= What to do =
Restate word for word the opening line of the data below and every line after it until the line with "El pròxim dissabte", that line too, but not the pictures.

= Given information =
_____
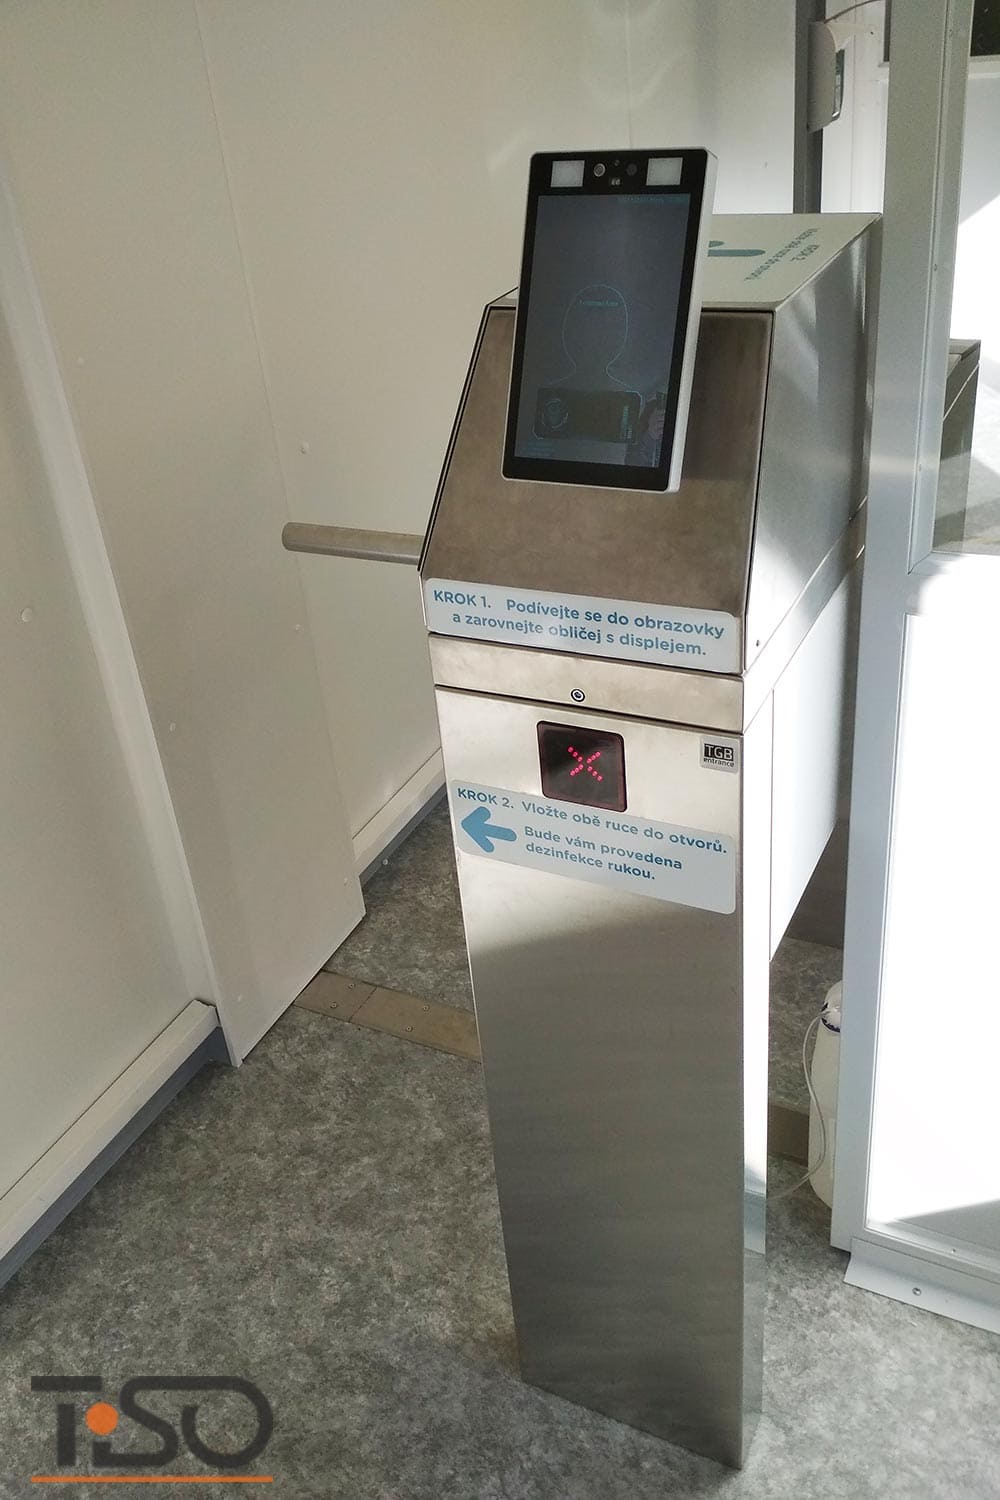 Twix-M et système de désinfection automatique des mains, hôpital Horovice, République tchèque
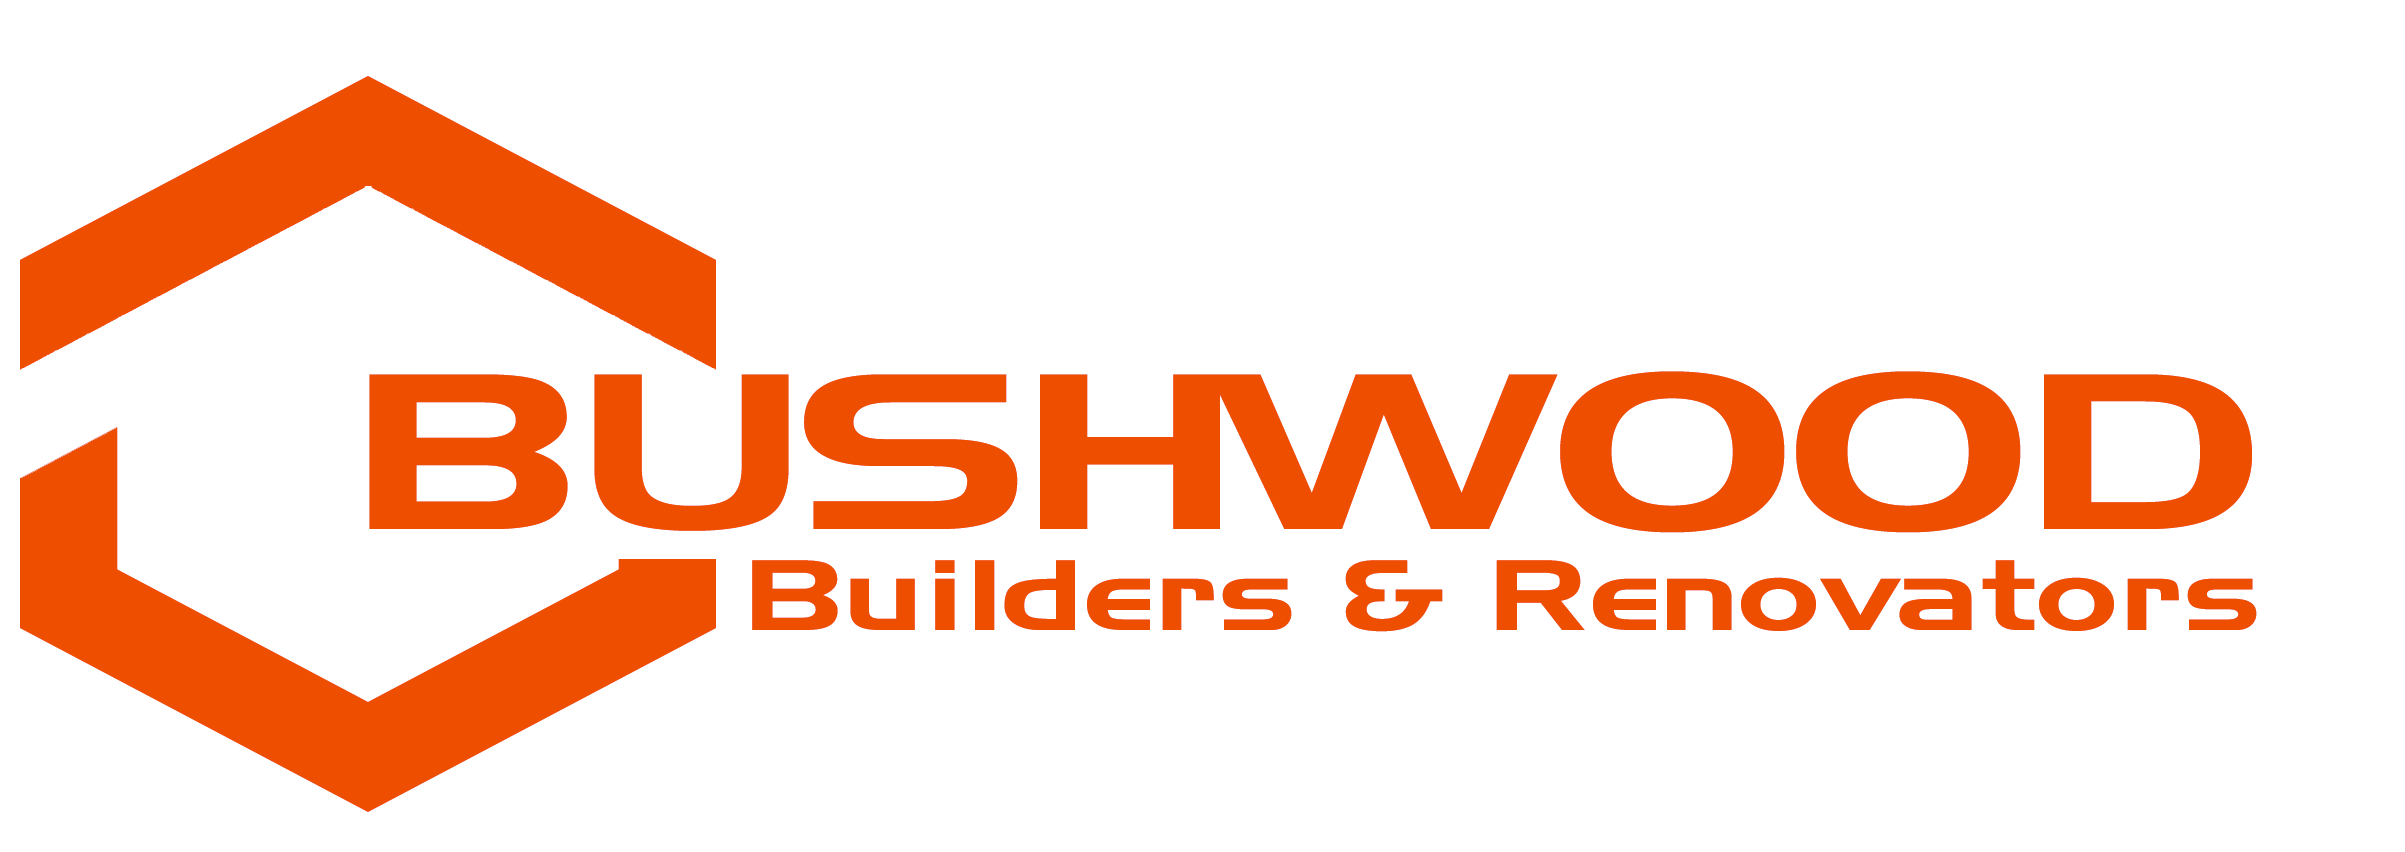 Bushwood Builders & Renovators
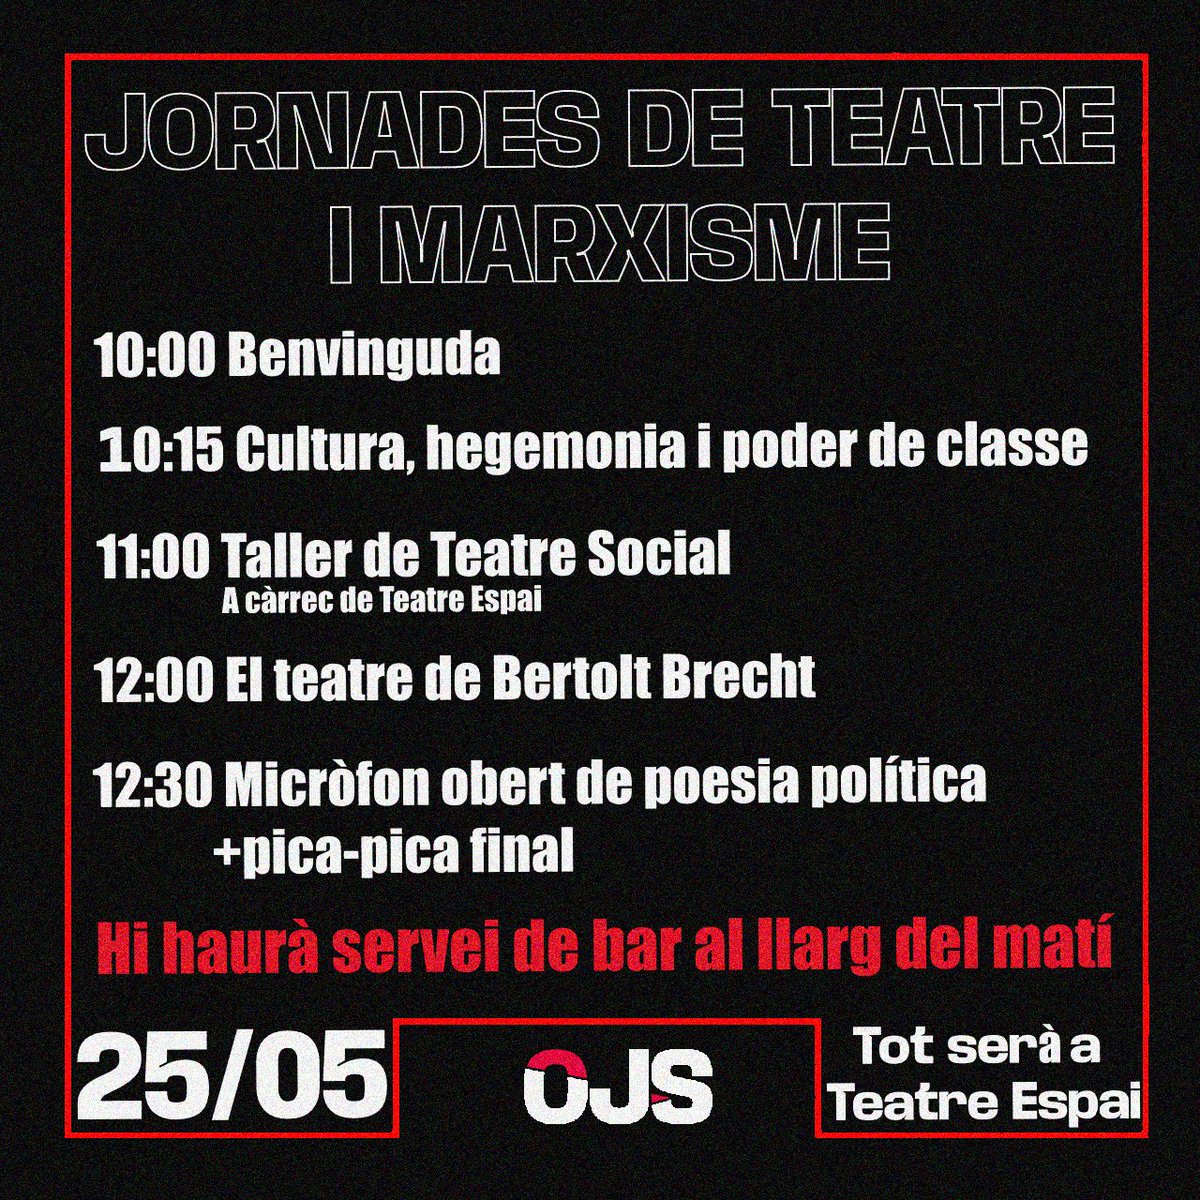 El pròxim dissabte 25 de maig serem a Teatre Espai organitzant conjuntament unes Jornades de Teatre i Marxisme.
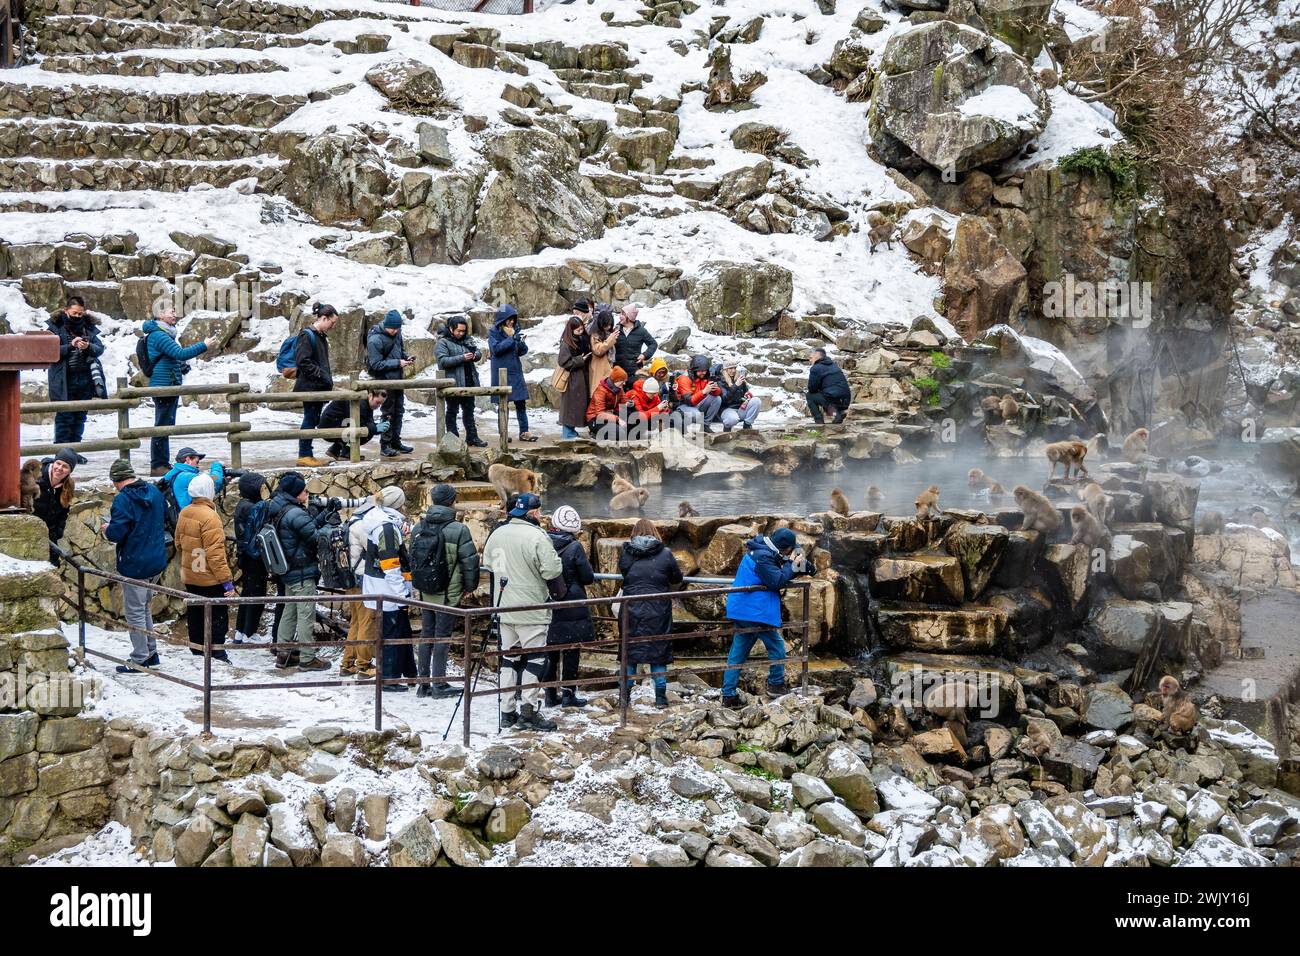 Touristen aus aller Welt besuchen den Snow Monkey Park (地獄谷野猿公苑), um japanische Makaken (Macaca fuscata) beim Baden in heißen Quellen zu beobachten. Nagano, Japan. Stockfoto
_____
= Result for this exercise =
 Twix-M et système de désinfection automatique des mains, hôpital Horovice, République tchèque
 Bushwood Builders & Renovators
 El pròxim dissabte 25 de maig serem a Teatre Espai organitzant conjuntament unes Jornades de Teatre i Marxisme.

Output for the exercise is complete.